# the new digital format



## ghost rider (Dec 29, 2010)

It would seem that the CD will soon go the way of the 8track and downloadable MP3 will become the new standard.

When I listen to Pandora I think it sounds very good perhaps the availability of so much music makes it sound so good.

Last week I installed some more DIY room treatments so this week I dusted off the turntable and played some records, oh the sweet sound of vinyl.

I just think it will be a sad sad day when the best you can get is compressed audio.


----------



## lcaillo (May 2, 2006)

We need to be careful about terms here. Compression with respect to analog was a different matter compared to compression of data. 

While I agree that it would be sad if we only had low bit rate MP3 available, this is really not the case. There are a wide range of resolutions available. If you consider what we actually listened to a couple of decades ago, the quality of data compressed audio these days is, in many ways, quite good. There are certainly things about vinyl that are appealing but much that was wrong as well.
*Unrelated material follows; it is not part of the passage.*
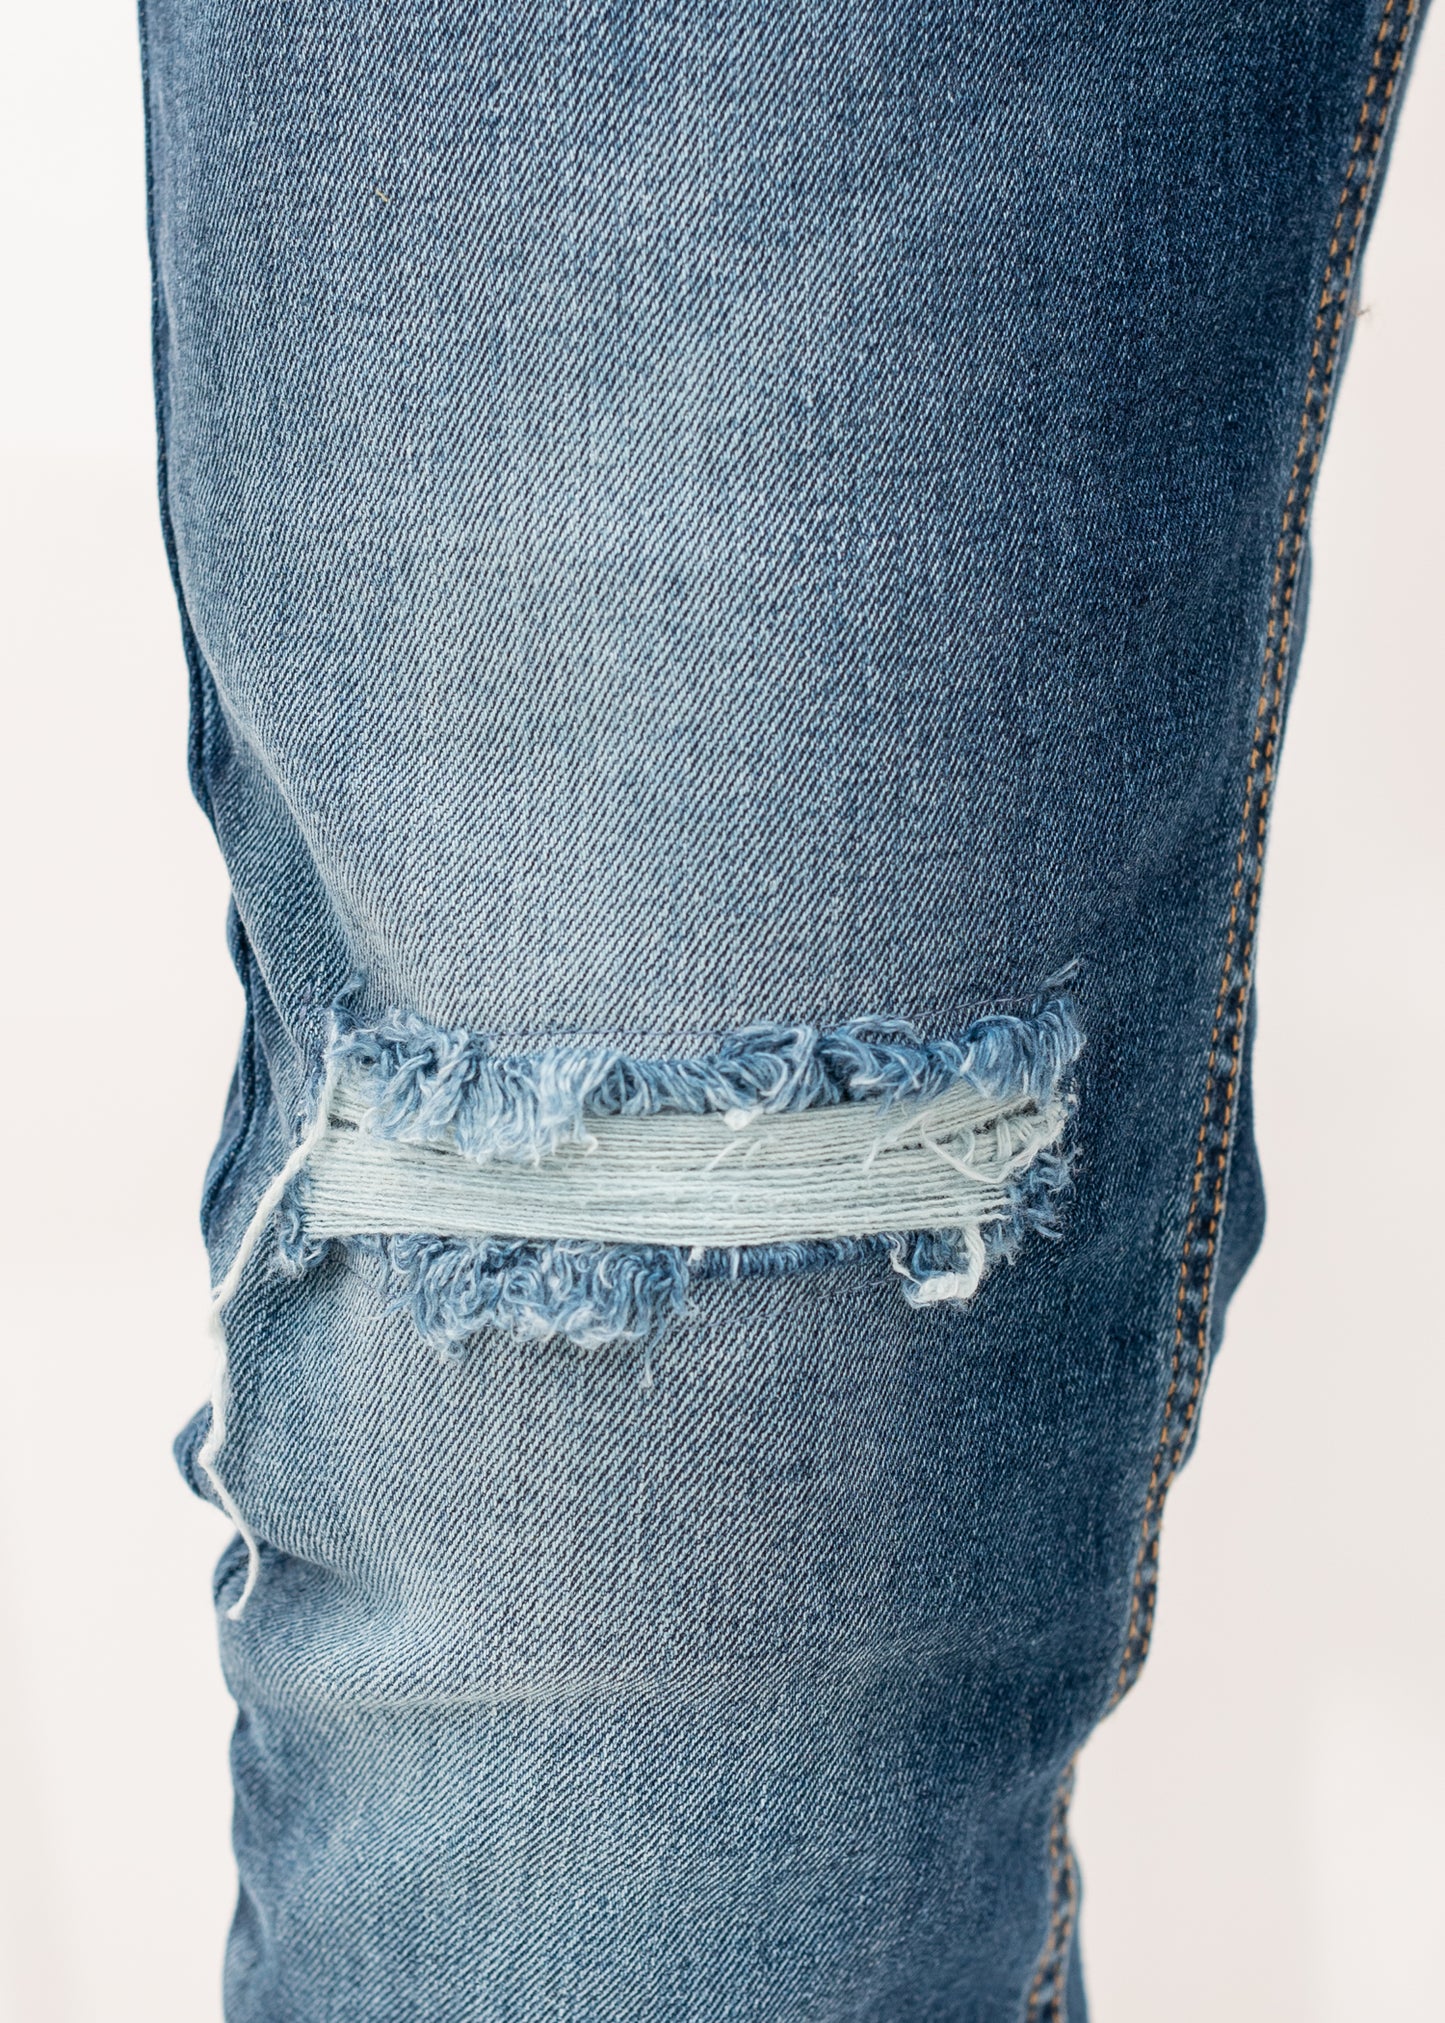 Jeans rotture LAVD32

We can get pretty good results with digital these days, and if the most lame MP3 is the worst it gets, I say we have it pretty good.

And you can probably buy more vinyl now than you could ten years ago.


----------



## ghost rider (Dec 29, 2010)

I guess your right. I am aware of HDtracks that sell remasters of many old classics in up to 24bit 192 kHz sampling. We are only talking about a handful of recordings. 

I think mostly I’ve become an old guy lddude:and can’t get with the whole MP3 thing. You are right about vinyl. As I was cranking up volume during a song that really jammed and no matter how clean it sounds when the music is playing when it get silent you hear all that background noise.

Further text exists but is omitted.